Coming Full Circle ... All the Way to the Bank

Today was my first official day at my new job. It's been four months since I received a paycheck for my labor. I actually got the check yesterday, which I blogged about. When I woke up, that Chumbawumba song that goes, "I get knocked down, but I get up again..."

At the time, I was like WTH?! And then I realized that it's the perfect song for today. I did get knocked down and get back up. I have had a few fantastic readings with Angela Boswell from Dream Angels in Jupiter, Fl. She uses these beautiful tarot cards and the falling Tower has come up in many positions and it was obvious to both of us that my life was falling apart. Not much intuition needed for that one!

I moved to Florida in November after two years of desperately wanting to move. It took me about a year to admit to anyone that I wanted to move and then another year + to find a job here. During that time, people kept asking if I would move without a job and I was horrified. NO! Of course, I would only move if I had a job.

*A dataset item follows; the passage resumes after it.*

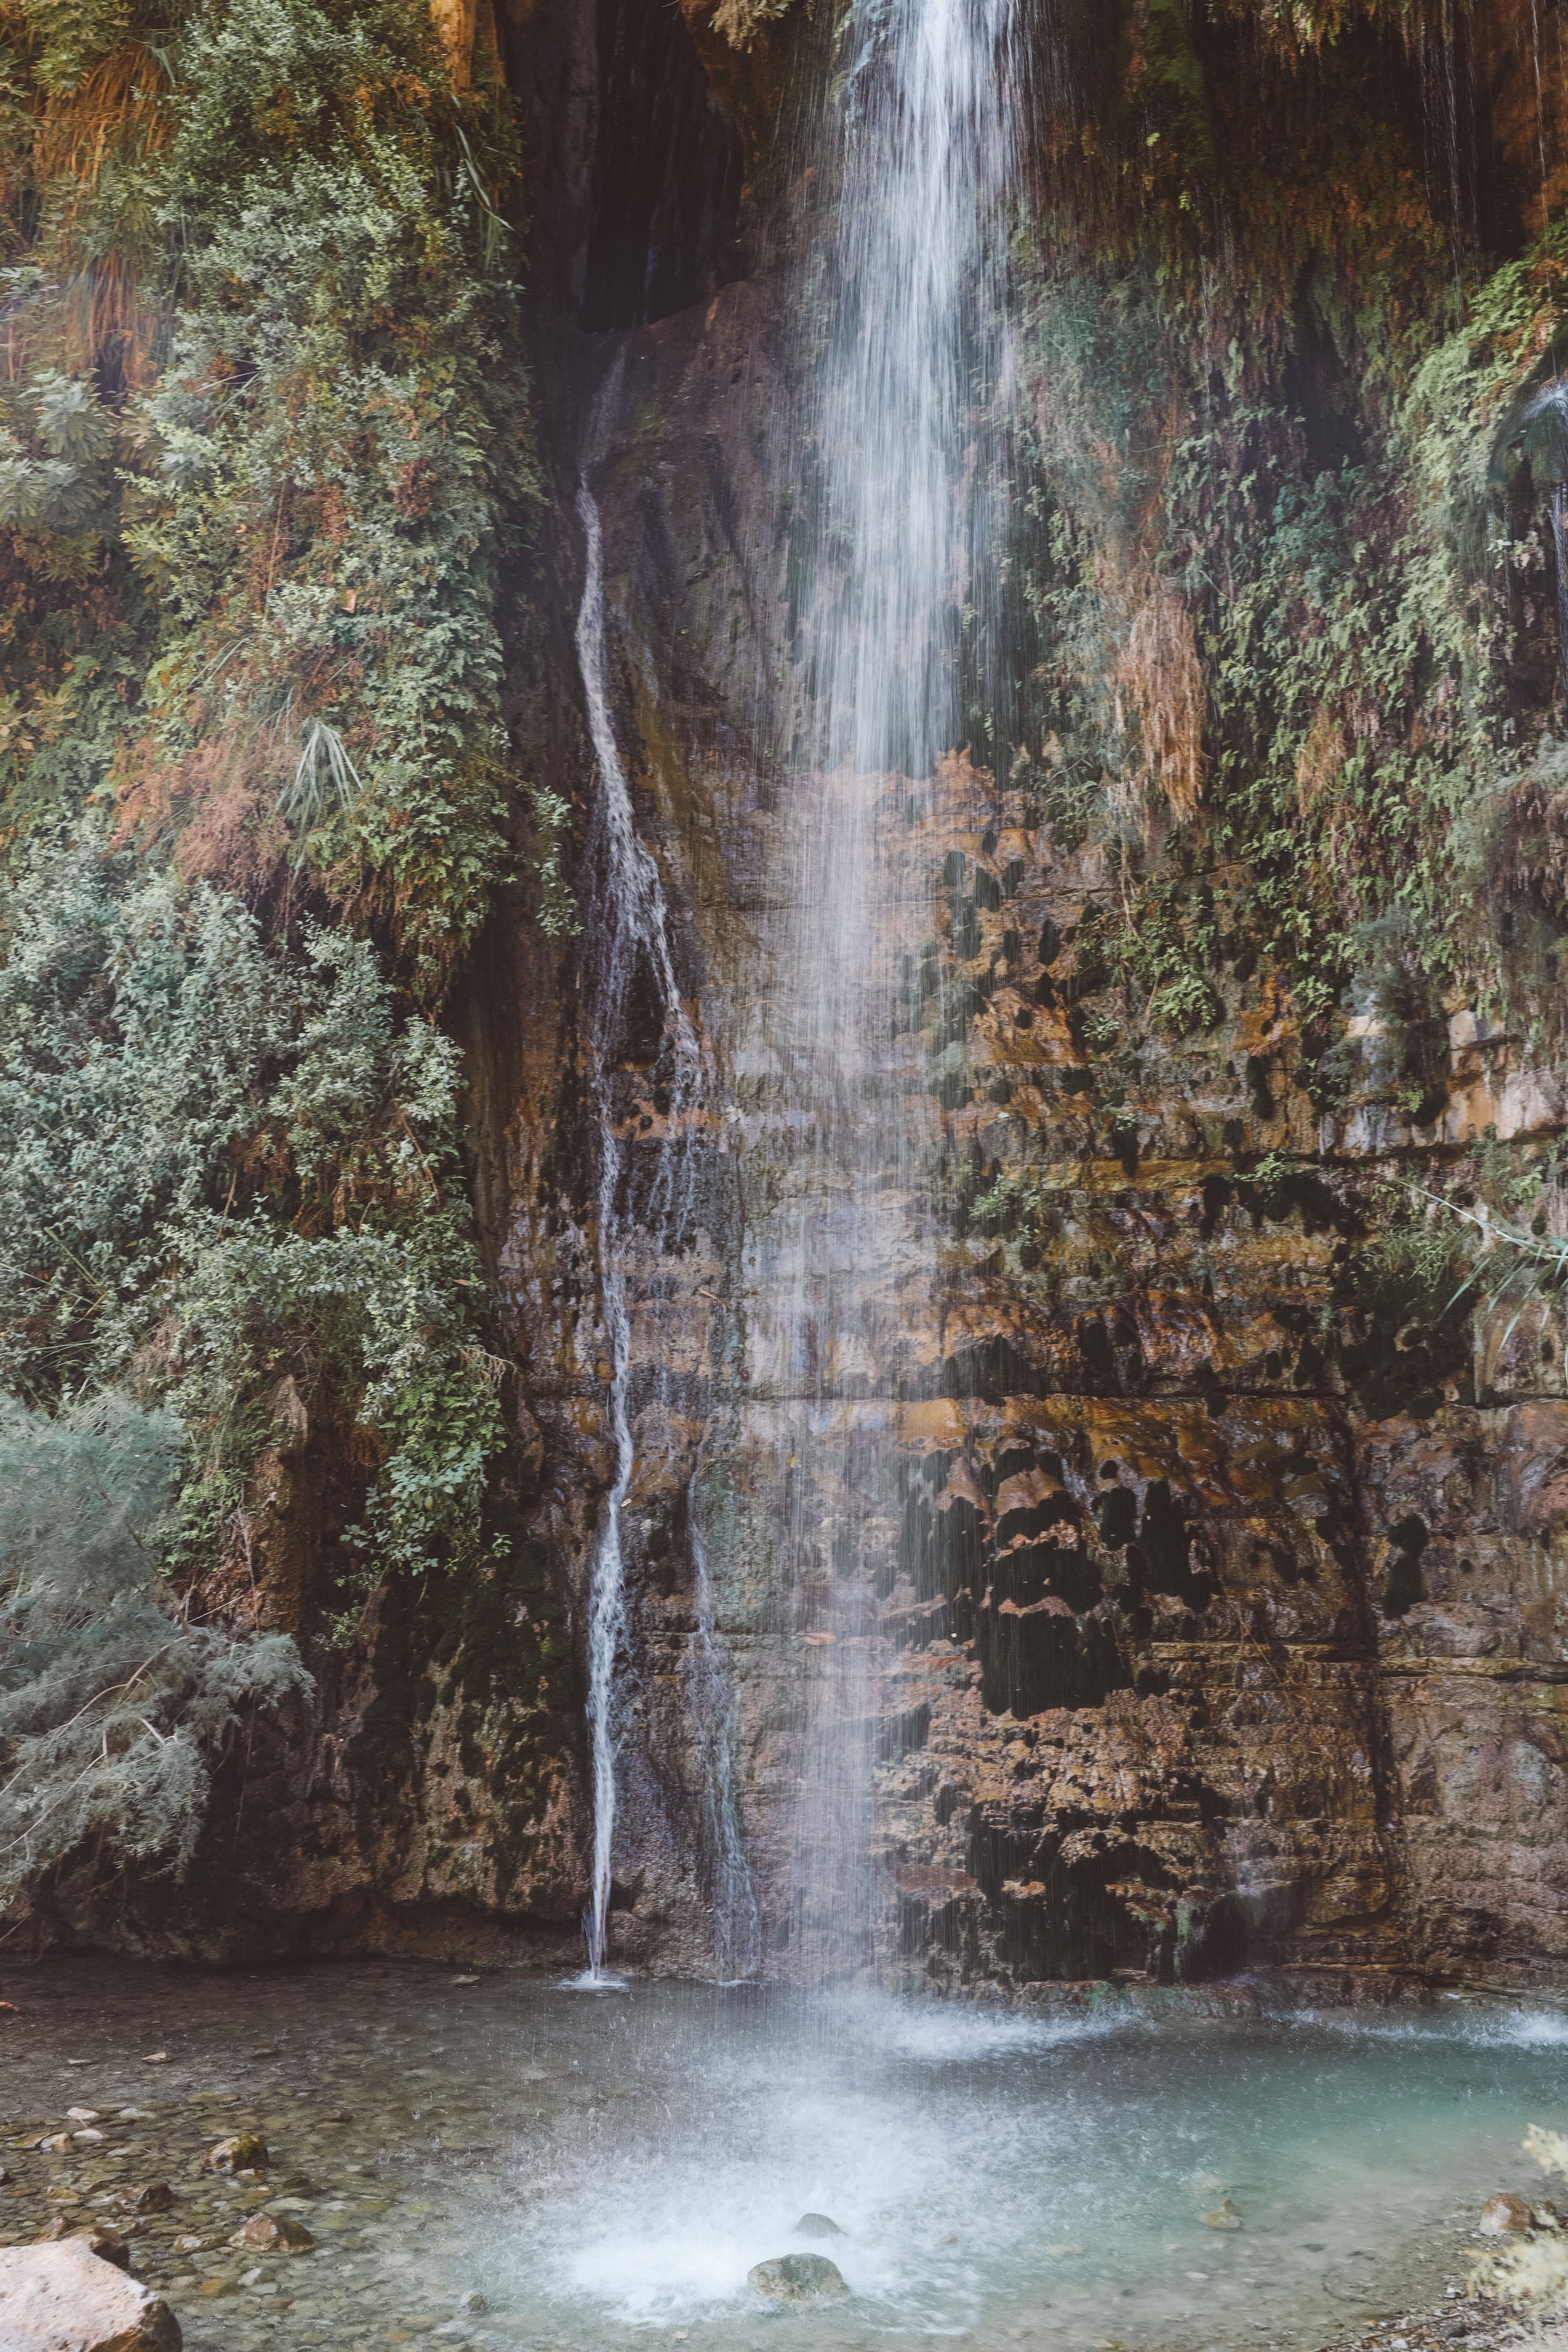 La cascade de David - Ein Guedi - Israël

Well, I got one. I moved. I got fired three months later.

It was kind of mutual because they were fucktards of the highest order and I couldn't believe I moved here for that ... but still I was left with no income, in a new place where I knew one person. Shit yeah! I got knocked down. And I was stunned, hurt, and scared shitless.

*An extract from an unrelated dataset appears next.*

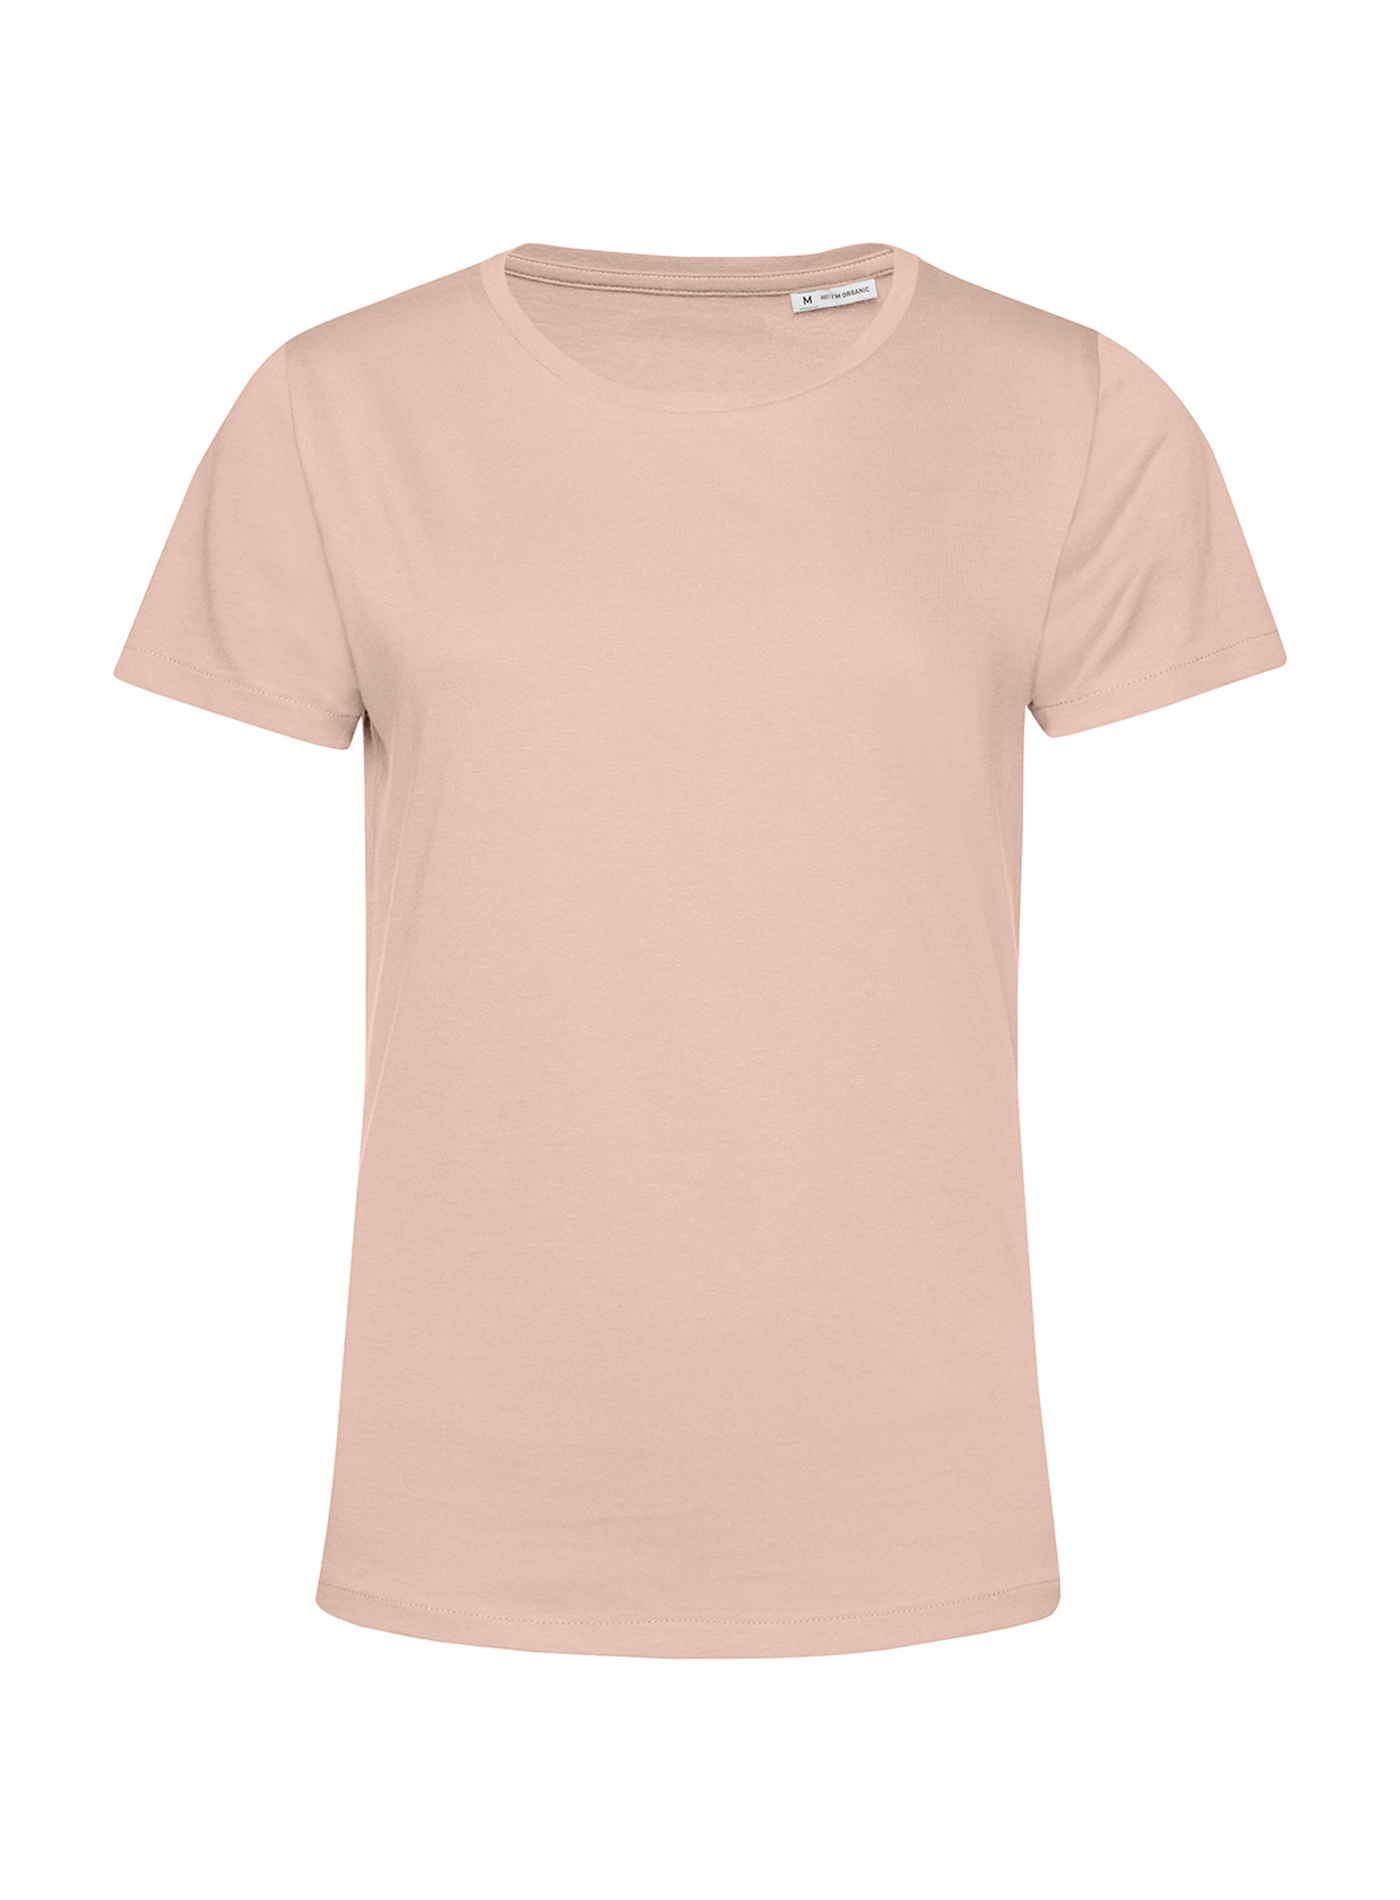 Dámské tričko B&C Collection Organic - Bledě růžová XL

I think it took me three weeks just to get over the shock.

They walked me out!
They walked me OUT?
THEY walked ME out?!?!?
They walked me out.

I had to pack up my desk with no warning and in front of the whole office. My hands were shaking so bad I could hardly sign the agreement. They gave me no reason. No warning. And ensured me that no one would watch me clear out my desk...


which of course just made it so much worse.

Because they all knew. They had been told that I would be walked out that morning. It explained why they all looked through me ... as though I wasn't there. And why the woman who had stabbed me in the back to ensure that I was walked out left the office with some weird, twitchy explanation at 11am.  (She was such a weird, twitchy one that I barely noticed.)

The guy who hired me looked at me as though I was a piece of shit on his shoe and said "[woman who stabbed me in the back] and I agree that we need to..."

There's more to this story, but that will be another blog.

Well, today, a wild confluence events had me driving through that parking lot again ... today ... on my first day of my new job. A job I was never sure I would get.

To summarize, I definitely wanted to deposit my first check ASAP and one of the only places I can do that is a credit union around the corner from the fucktards' office. Credits unions use this thing called "shared branching" when you move out of the vicinity of your credit union ... but it's only certain credit unions. Hence, the location of one of the only places I could deposit that check.

I'm still not sure how to describe how I felt when driving past the scene of my firing/layoff/whatever the hell that was. It wasn't quite the victory you'd think ... or I had always thought it would be. All I could think of was how eager I was to drive past and get on with the rest of my day.

Ironically, the most hurtful part of the day was that I posted to FaceBook that I woke up with that Chumbawumba song in my head and how perfect for my first day back and no one, not a single one of my friends liked it or commented or anything. Just like no one wished me Happy Birthday! on my birthday this past November just after I moved.

Angela explained that they are jealous because they believe my jokes. Talk about full circle.

They think because I joke about life, it's easy for me and it's not easy for me. And I must not even be grateful for it because I make jokes. Doesn't anyone know that if I didn't learn to make jokes and laugh through pain, I would have blown my brains out years ago? I'd be one of those women who have to be removed from their trailers with a crane.

I guess it's the price of being funny.

By the way, if you doubt my theory on joking your way through suicidal thoughts so that you don't actually kill yourself, listen to Paul Gilmartin's podcast.